Tree of Thought prompting technique provides a unique approach to enhance language models and their ability to solve complex problems intelligently. It offers a novel way to expand upon existing planning techniques by considering multiple potential solutions simultaneously at each step of the problem-solving process. This approach allows language models to explore different paths and select the most promising ones based on their own evaluations. The integration of thought sampling and value feedback within the Tree of Thought framework facilitates effective search capabilities within the solution space. Unlike traditional decision-making methods that require separate models for rewards and policies, the Tree of Thought leverages the language model itself to provide value estimates, making the decision-making process more seamless and efficient. Self-reflection is another integral aspect, language models equipped with the Tree of Thought can assess the viability of their own predictions, leading to improved accuracy in various tasks such as code generation and decision-making. This introspective ability allows Language Models to provide valuable feedback on their own performance, enhancing their problem-solving capabilities. the Tree of Thought framework aligns with program-guided LM generation. By incorporating symbolic program instructions, Language Models can be guided step-by-step to solve complex problems. This approach expands traditional search methods by utilizing the models own thoughts rather than relying solely on external sources. This integration fosters a deeper understanding and more intelligent problem-solving

Input/Output vs Chain of Thought vs Self Consistency with Chain of Thought

  • Input/Ouput- It is the most basic form of Prompt that people generally use, where the user provides a question, problem or a task to the Language Model and the model performs the required analysis, creativity or problem solving. It may include how to format the response and other such simple inputs It provides the initial context or problem statement for which we seek solutions or insights. An example prompt would be "Write a story about Heaven on Earth."
  • Chain of thought: It refers to a sequence of interconnected thoughts, steps or ideas that stem from the initial prompt or problem statement. It represents the progression of thoughts that are generated and linked together after exploring different possibilities, considerations, and solutions. Each thought in the chain builds upon the previous one, creating a coherent flow of ideas. Using the previous example a Chain of thought prompt would be: “Write a story about ‘Heaven on Earth where the main character accidentally finds a gate within the forest. The gate leads the character to another dimension where it saw mythical creatures like talking dragons.’ The story can have adventurous plot where the talking dragon is befriended by the main character. “ This is one of the initial prompt in Chain of thought prompting and it can lead to further elaboration and exploration, generating subsequent chain of thoughts and each thought serves as a building block for the next which eventually generates the response that user needed.
  • Chain of Thought- Self Consistency: Self Consistency with chain of thought refers to generating multiple sequence of chain of thoughts, and then based on the most consistent output it choses its optimal solution. One problem can be solved in many different ways and even if the thought process to the solution differs the final result might be same (like proving a physics equation through different experiments) or it might even differ in context to problems involving creativity and imagination but there always can be found some kind of similarity between the outputs, the self consistency chain of thought prompting technique generates different thoughts (steps) for a problem and all those steps lead to some solution, and the output that is most consistently generated by the model becomes the optimal output. In reference to our example the most commonly generated story by the language model will become the optimal output. With this technique the output decision can be more faithful by exploring a richer set of thoughts. Nevertheless, in each sequence, there is no exploration of different thought processes at a local level, and the heuristic of choosing the "most frequent" option only works when the range of possible outputs is restricted.

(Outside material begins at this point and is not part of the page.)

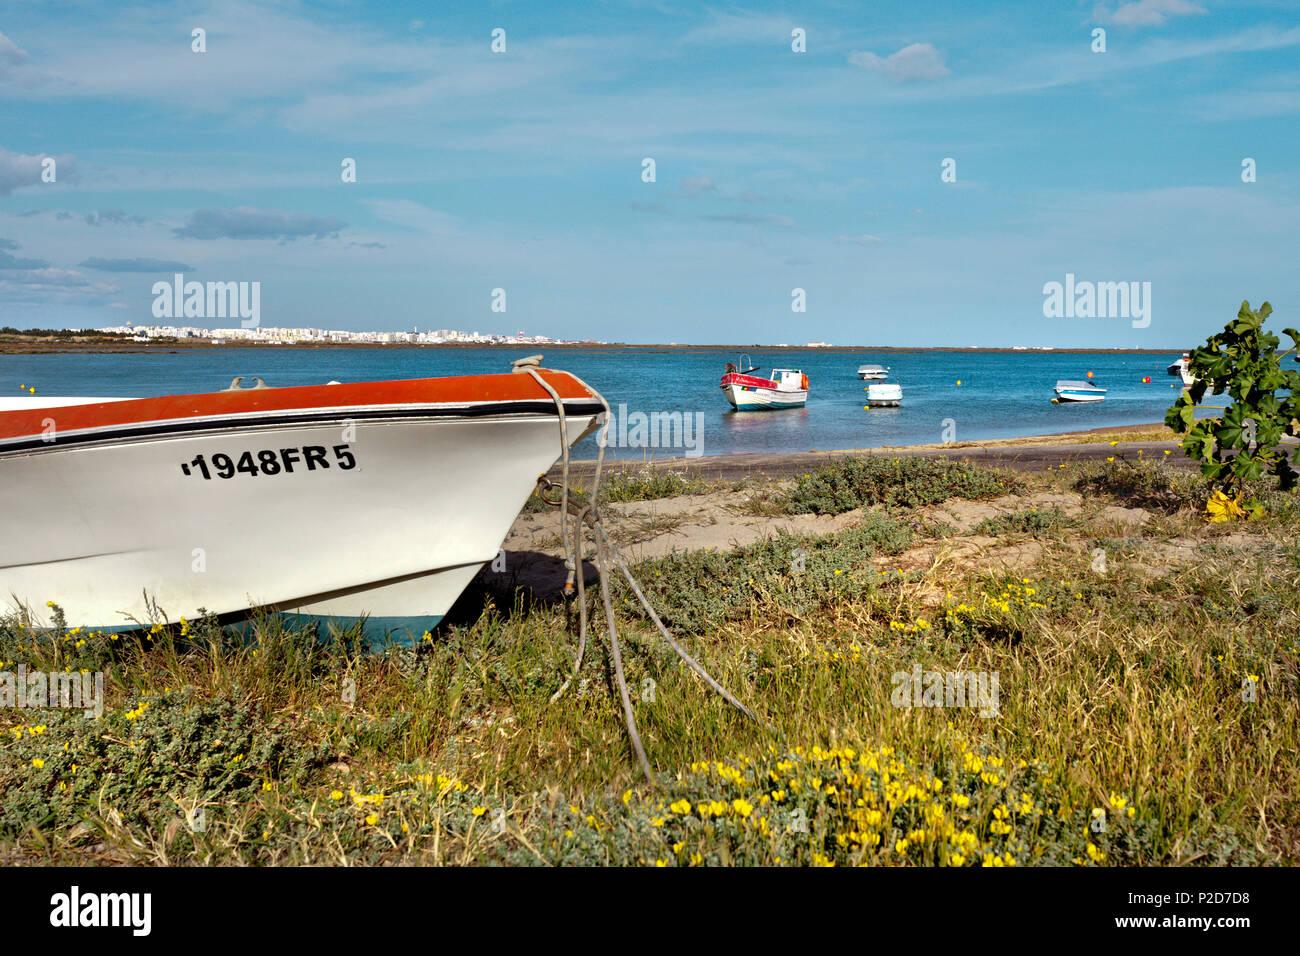 Boat on the beach, lagoon, Praia de Faro, Faro, Algarve, Portugal - Stock Image

To summarize we can say that the Input/Output Prompt sets the stage for generating thoughts, the Chain of Thought represents the sequence of interconnected ideas, and the Self Consistency with chain of thought ensures logical coherence and alignment within the chain.

How Tree of Thought Works?

The Tree of Thought prompting provides an innovative approach to problem-solving by leveraging the capabilities of language models. In simple terms, it works by allowing the Language Models to consider multiple potential solutions simultaneously at each step of the problem-solving process. This enables the model to explore different paths and select the most promising ones based on their own evaluations.

Different prompting techniques

By now you already know the difference between Input-Output Prompting, Chain of thought prompting and Self Consistency with Chain of Thought. In simple explanation, the tree of thought prompting can be illustrated as above to be a tree-like structure where initially potential thoughts are generated using the input and each thought is evaluated upon by the Language model itself. Based on its self-evaluation and search algorithm being used it progresses to the next relevant thought, if the thought is evaluated to ‘unlikely generate’ the optimal output, it is discarded by the model but if it is evaluated to ‘likely generate’ the optimal output, the model takes that thought and breaks it down into further thoughts and evaluates them again and repeats this process until it finds the most optimal solution. Below is a detailed step by step explanation with an example of how Tree of Thought works.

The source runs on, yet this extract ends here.